Aan de Voorzitter van de Tweede Kamer der Staten-Generaal
Den Haag, 5 december 2008
Tijdens het Algemeen Overleg van 4 december jl. met de Vaste Commissie van Justitie over de Braziliaanse kinderpornozaak en het WOTS-verdrag met Brazilië is door een aantal leden van de Kamer aan de minister van Justitie gevraagd of de reeds toegezegde wijziging van de Paspoortwet die het mogelijk moet maken om in het buitenland een Nederlands reisdocument te weigeren aan een persoon die voornemens is zich te onttrekken aan de rechtsmacht van het desbetreffende land, zou kunnen worden meegenomen in het thans bij de Kamer aanhangige voorstel van rijkswet tot wijziging van de Paspoortwet in verband met het herinrichten van de reisdocumentenadministratie (31 324 (R 1844)). De minister van Justitie heeft dit verzoek aan mij overgebracht.
Hoewel ik begrip heb voor de wens om zo spoedig mogelijk een wettelijke basis te creëren om in situaties als in de Braziliaanse kinderpornozaak een reisdocument te kunnen weigeren, meen ik dat het indienen van een daartoe strekkende nota van wijziging op het aanhangige voorstel van rijkswet niet de juiste weg is. Daarvoor voer ik de navolgende redenen aan.
Op dit moment wordt ambtelijk de laatste hand gelegd aan het opstellen van een wetsontwerp, waardoor in de Paspoortwet een nieuwe grond tot weigering of vervallenverklaring van reisdocumenten wordt opgenomen. Uit de ambtelijke voorbereiding is gebleken dat het hier om een gecompliceerd onderwerp gaat, waarbij een zorgvuldige afweging moet worden gemaakt die zowel recht doet aan de handhaving van goede internationale betrekkingen als aan de waarborging van een adequaat niveau van rechtsbescherming van Nederlanders in het buitenland. Niet alleen de rechtspraktijk en -toepassing kunnen van land tot land en van tijd tot tijd verschillen, ook kunnen zich in ieder individueel geval bijzondere omstandigheden voordoen die meegenomen moeten worden in de afweging om al dan niet een reisdocument te verstrekken. Dit vereist dat er een regeling tot stand wordt gebracht, die het voor de met de uitvoering van de Paspoortwet belaste instanties mogelijk maakt om, in de gewoonlijk zeer beperkte tijd die daarvoor beschikbaar is, de juiste beslissing te nemen.
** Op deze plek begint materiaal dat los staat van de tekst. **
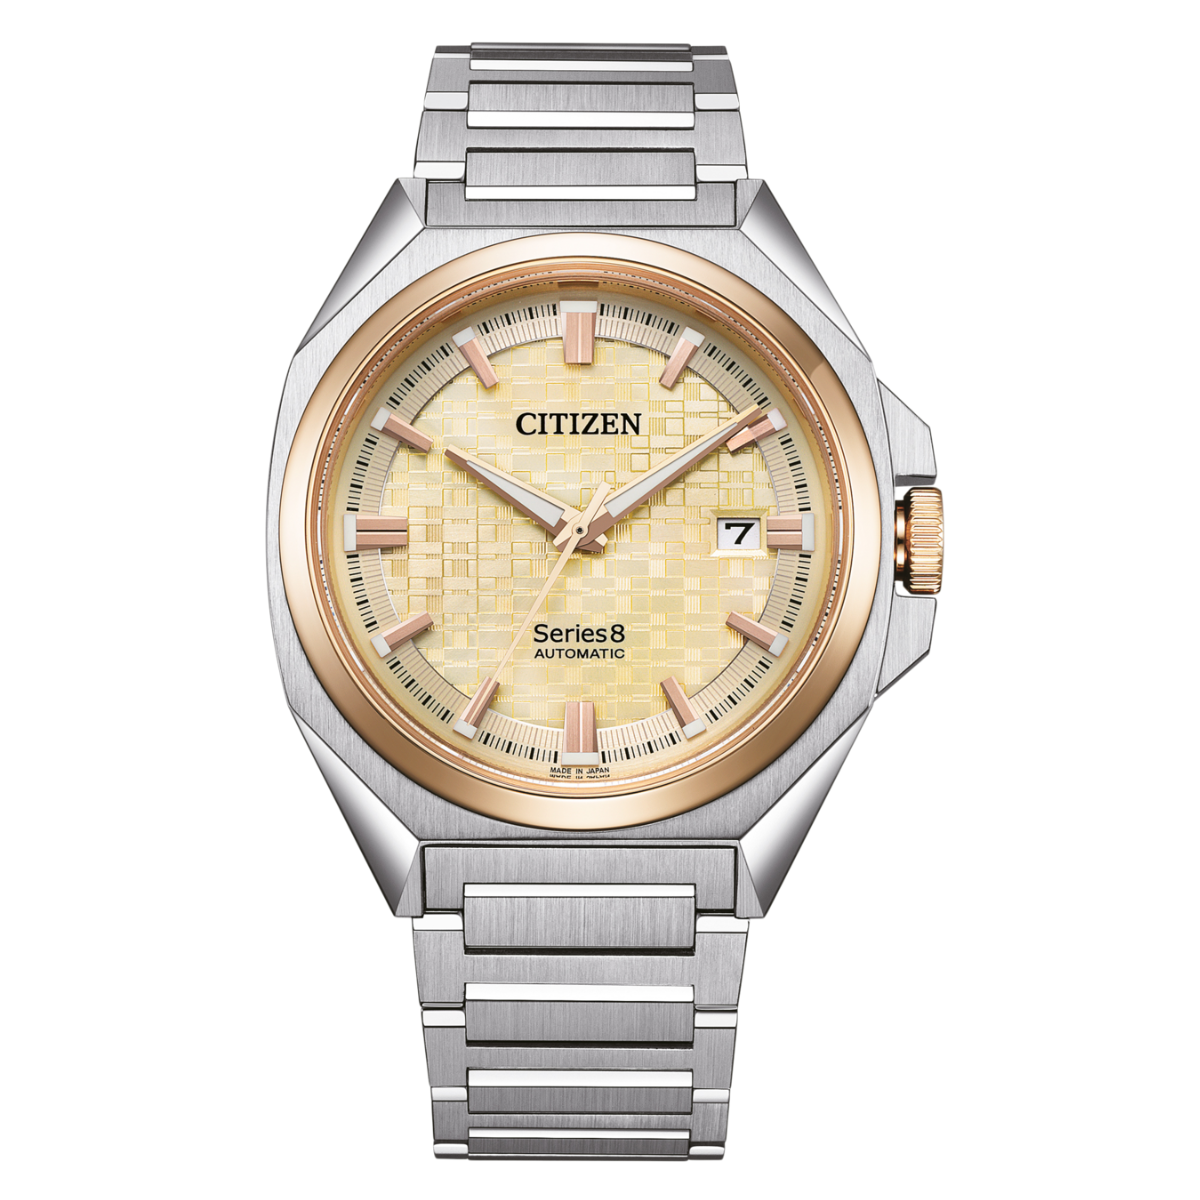 Citizen Series8 831 Automatic Men's Watch NB6059-57P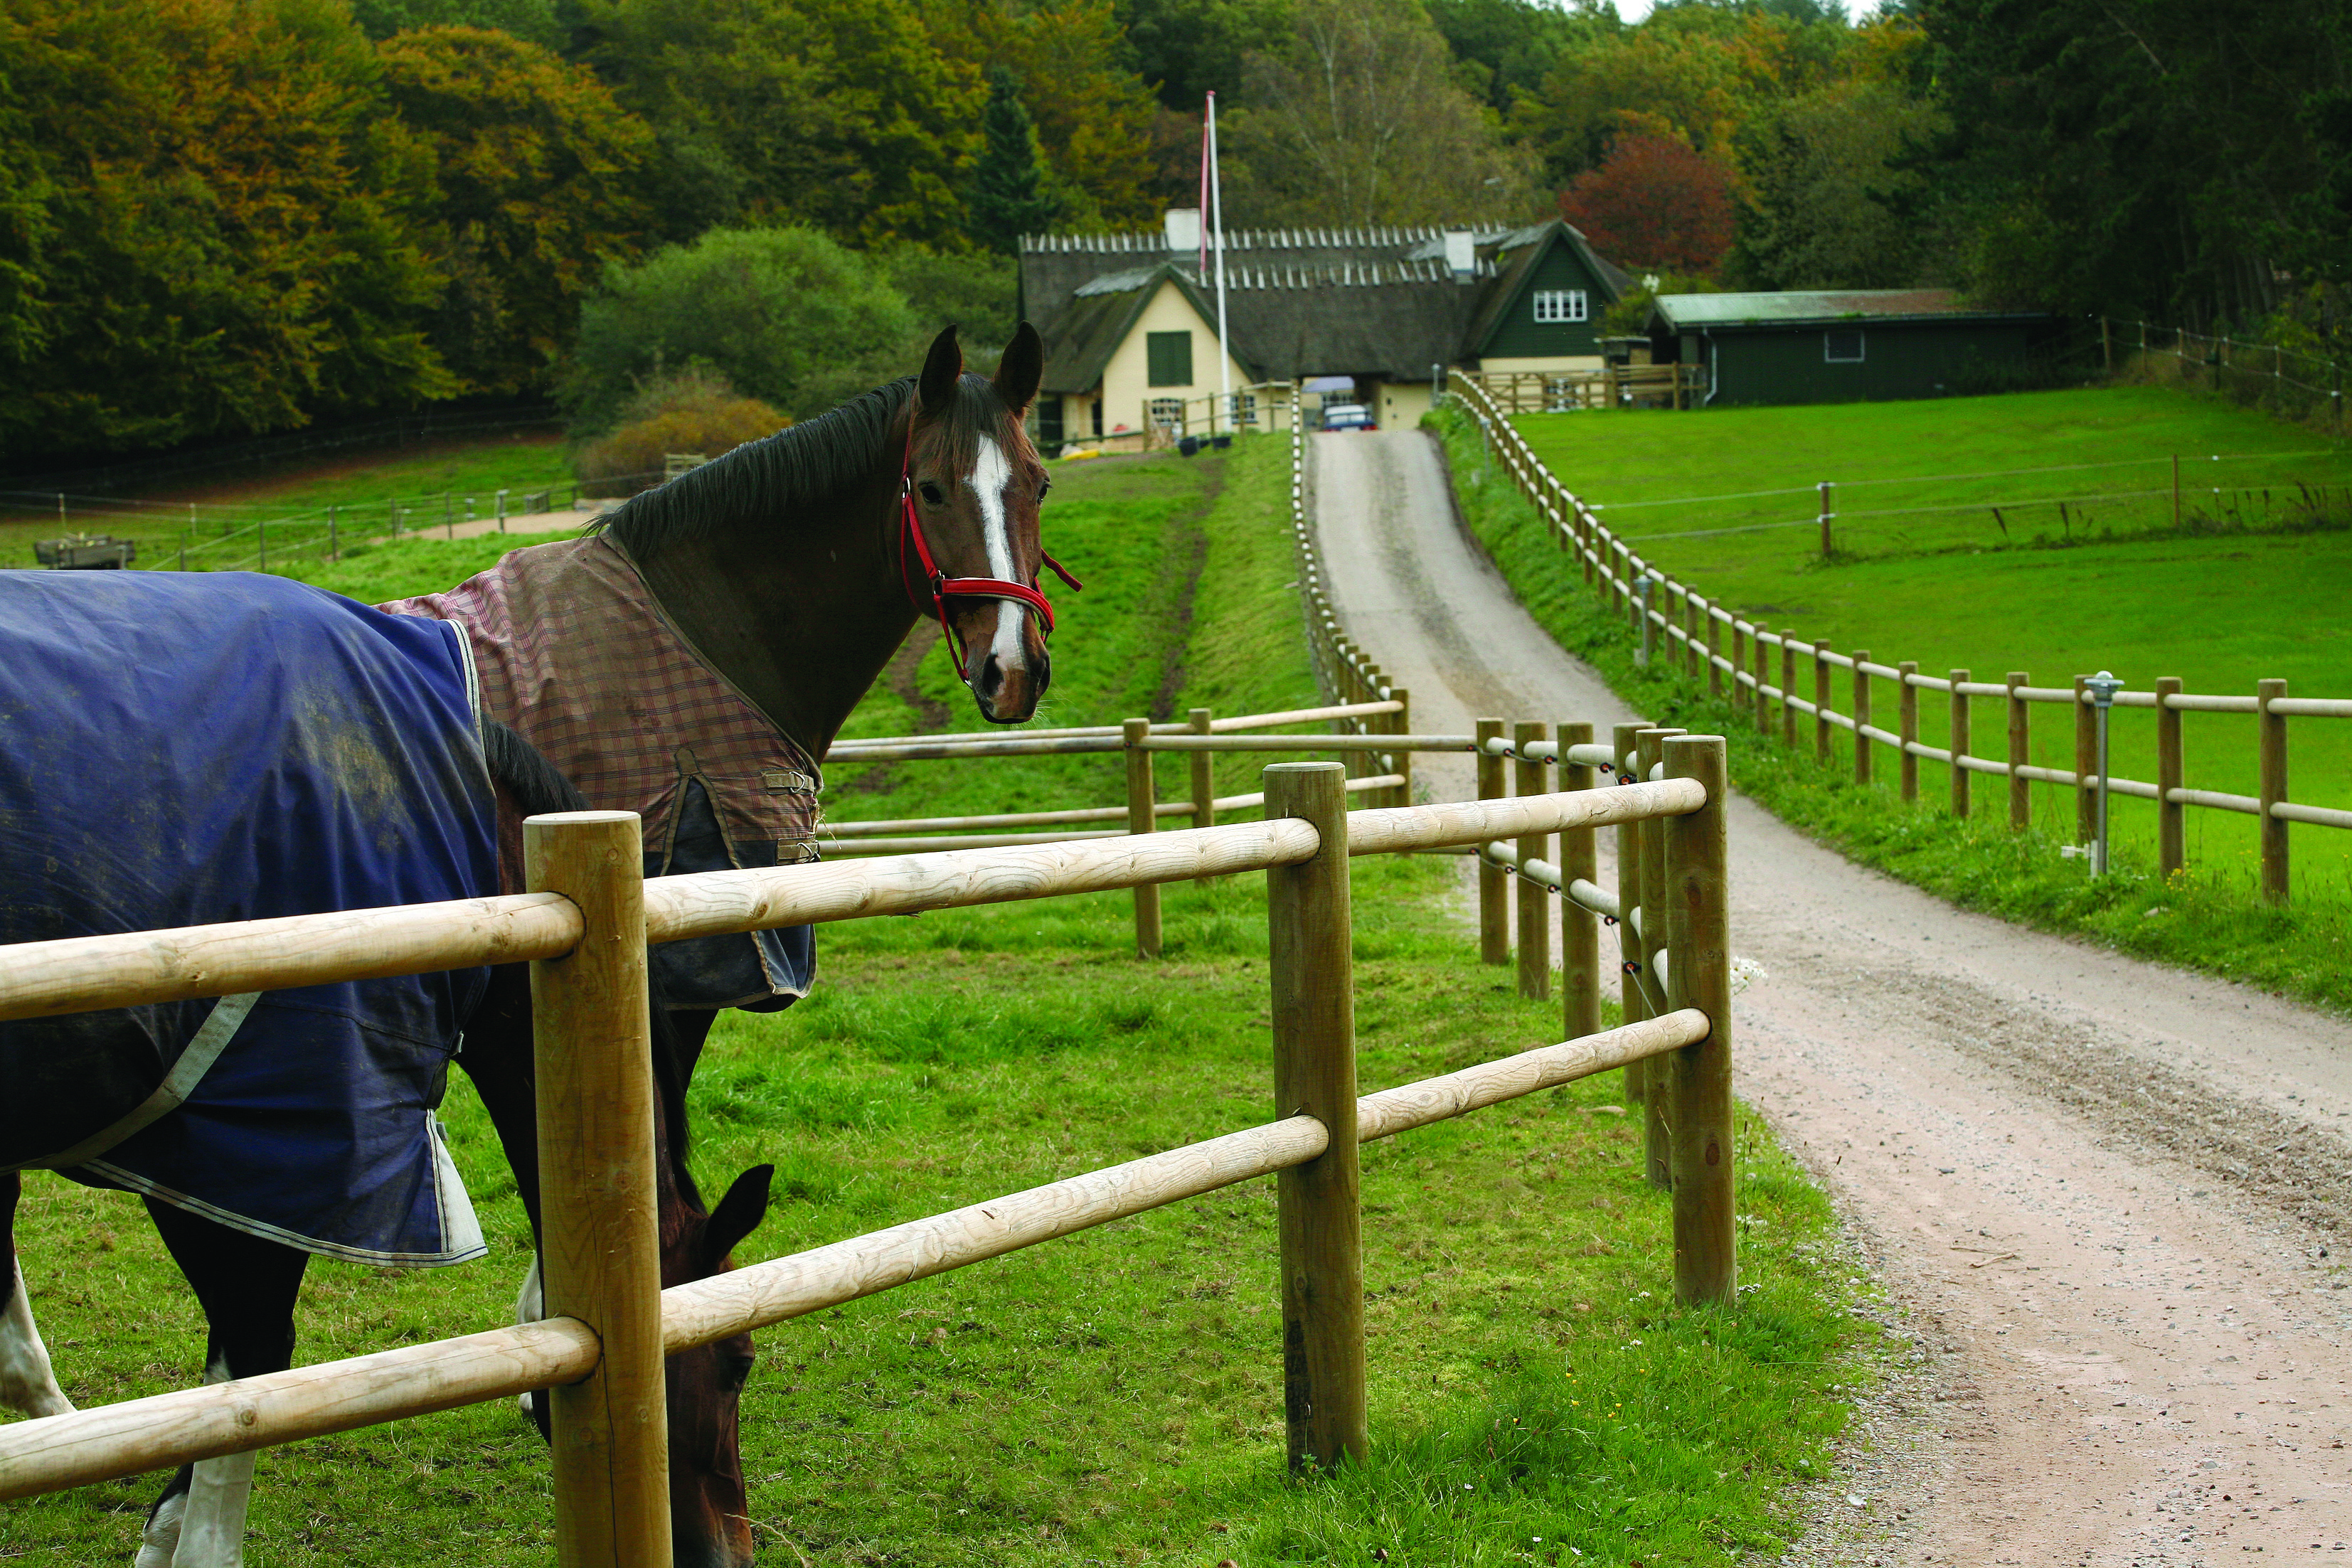 En häst står med upphöjt huvud och observerar sin omgivning medan en annan häst betar. Båda hästarna står bakom ett häststängsel längs infarten till ett lantställe.

In het licht van het voorgaande acht ik een zorgvuldige voorbereiding van de desbetreffende wetswijziging noodzakelijk, waarbij ik er aan hecht dat de Raad van State van het Koninkrijk zich daarover in een advies kan uitspreken. Daarnaast hecht ik eraan de voortgang van het bij de Kamer aanhangige voorstel van rijkswet in verband met het herinrichten van de reisdocumentenadministratie, dat inmiddels de fase van mondelinge behandeling in tweede termijn heeft bereikt, niet onnodig te belasten met een daarmee niet direct verband houdend onderwerp waarover, gezien de complexiteit van de materie en het ontbreken van een gedegen voorbereiding, nog de nodige discussie kan ontstaan.
Om voormelde redenen wens ik vast te houden aan de indiening van een apart wetsvoorstel. Tijdens de eerste termijn van de mondelinge behandeling van het onderhavige voorstel van rijkswet heb ik de verwachting uitgesproken dat dit wetsvoorstel in het voorjaar van 2009 aan de Kamer zal kunnen worden aangeboden. Ik zeg u nogmaals gaarne toe er alles aan te doen om de indiening van het wetsvoorstel ook daadwerkelijk binnen deze termijn te laten plaatsvinden. Zoals ik u heb gemeld, geldt in de tussentijd de afspraak dat de ambtenaren van Buitenlandse Zaken een heel restrictief beleid zullen voeren op het verstrekken van nooddocumenten.